Com efeito, segundo a doutrina e a jurisprudência maioritárias, o acto administrativo visa sempre a produção de efeitos jurídicos numa situação individual e concreta, exigindo, portanto, a identificação ou individualização do(s) seu(s) destinatário(s), assim se distinguindo do acto normativo, que se caracteriza pela generalidade e abstracção, pelo que os seus destinatários integram-se em conceitos ou categorias abstractas e, portanto, sem individualização de pessoas (Cf. Freitas do Amaral, Curso de Direito Administrativo, III, p.36 e segs., Rogério Soares, Direito Administrativo, 81, Mário Esteves de Oliveira, Direito Administrativo, p. e o mesmo autor e outros, CPTA anotado, p.550, e, entre outros, os acs. STA de 25.06.98, rec.43.023, de 03.11.04, rec. 678/04, de 07.06.06 (Pleno), rec. 1257/05, de 26.10.2006, rec. 255/06 e de 08.07.2009, rec. 687/07) .
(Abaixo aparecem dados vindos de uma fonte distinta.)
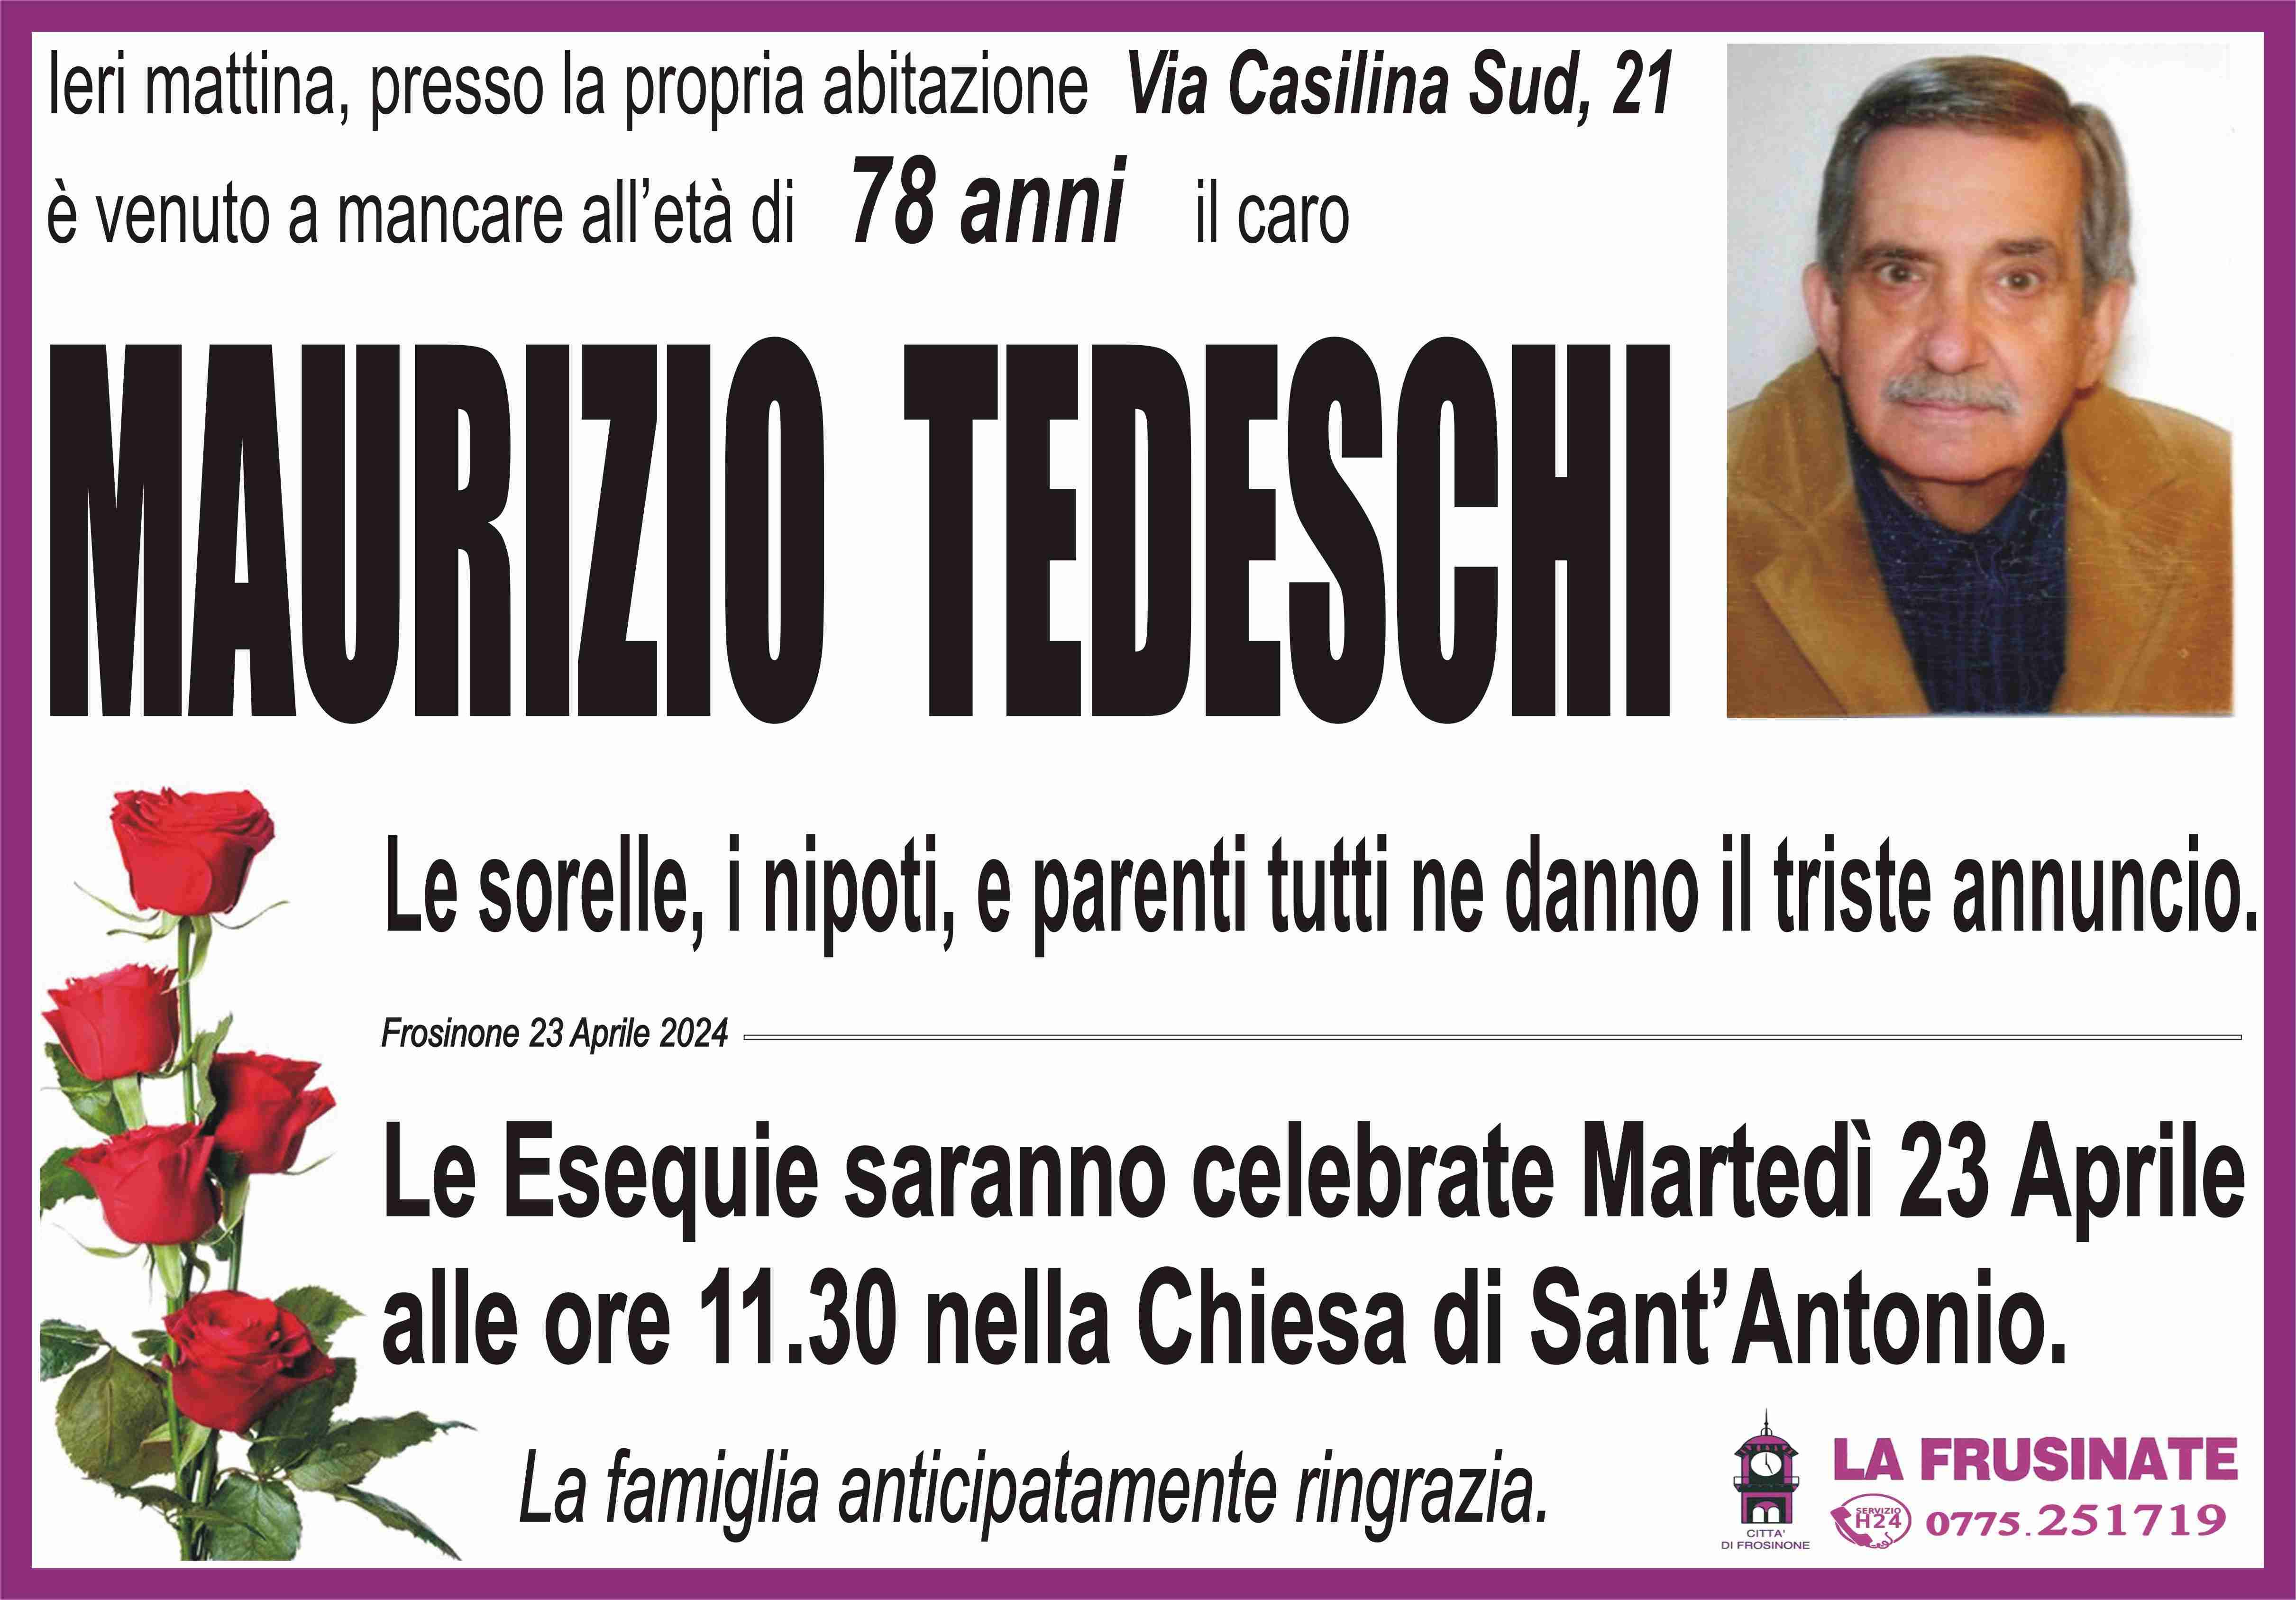 Maurizio Tedeschi

Referindo-se ao conceito de acto administrativo contido no artº120º do CPT, diz-nos o Prof. Freitas do Amaral e outros que « A ideia do legislador foi a de encontrar um conceito operativo para delimitação do âmbito material de aplicação do CPA, conceito esse que erigiu a individualidade, isto é, a aplicação a sujeito(s) determinado(s) como elemento chave da noção e, do mesmo passo, como critério para distinguir entre acto administrativo e acto normativo, de molde que sempre que haja generalidade, isto é, aplicação a um grupo indeterminado de cidadãos, ainda que determináveis, mas, portanto, sem definição de situações individuais, o comando deve considerar-se como acto normativo e não como acto administrativo» (Cf. in Código de Procedimento Administrativo, Almedina, 1ª Edição, p.188) .
E como já decidiu este STA, em casos de actos mistos de difícil qualificação (actos gerais e concretos), a dúvida deve ser resolvida a favor da normatividade. (Cf. os já citados acórdãos do Pleno de 07.06.2006, 1257/05 e da 1ª Secção do STA de 03.11.2004, rec. 678/04)
5. Os Autores, citando o douto parecer jurídico que juntaram aos autos, defendem a qualificação dos actos impugnados como materialmente administrativos, porquanto “ …a prorrogação do prazo das medidas preventivas, apesar de ser feita por acto formalmente legislativo, assume a natureza de derrogação de conteúdo concreto; encontram-se perfeitamente definidas as áreas sujeitas às medidas preventivas cujo prazo máximo de vigência derroga o regime geral emergente do artº9º, nº1 do Decreto-Lei nº794/76, de 5 de Novembro. Tratam-se das áreas de terreno delimitados pelos quadros A e B anexos ao Decreto Lei nº31-A/99, de 20 de Agosto(…)”, sendo que, “ …é mesmo possível determinar, à luz dos quadros de identificação e caracterização das zonas em que se subdividem as áreas propostas para sujeição a medidas preventivas, a identificabilidade dos destinatários é feita, por consequência, pelos terrenos cujas áreas delimitadas se encontram sujeitas a essas medidas preventivas” Ora, registando-se que estamos aqui perante um acto para uma situação concreta e cujos destinatários são determináveis, uma única conclusão se mostra possível extrair: trata-se de um verdadeiro acto administrativo. É um acto administrativo sob ( indevida) forma legislativa”.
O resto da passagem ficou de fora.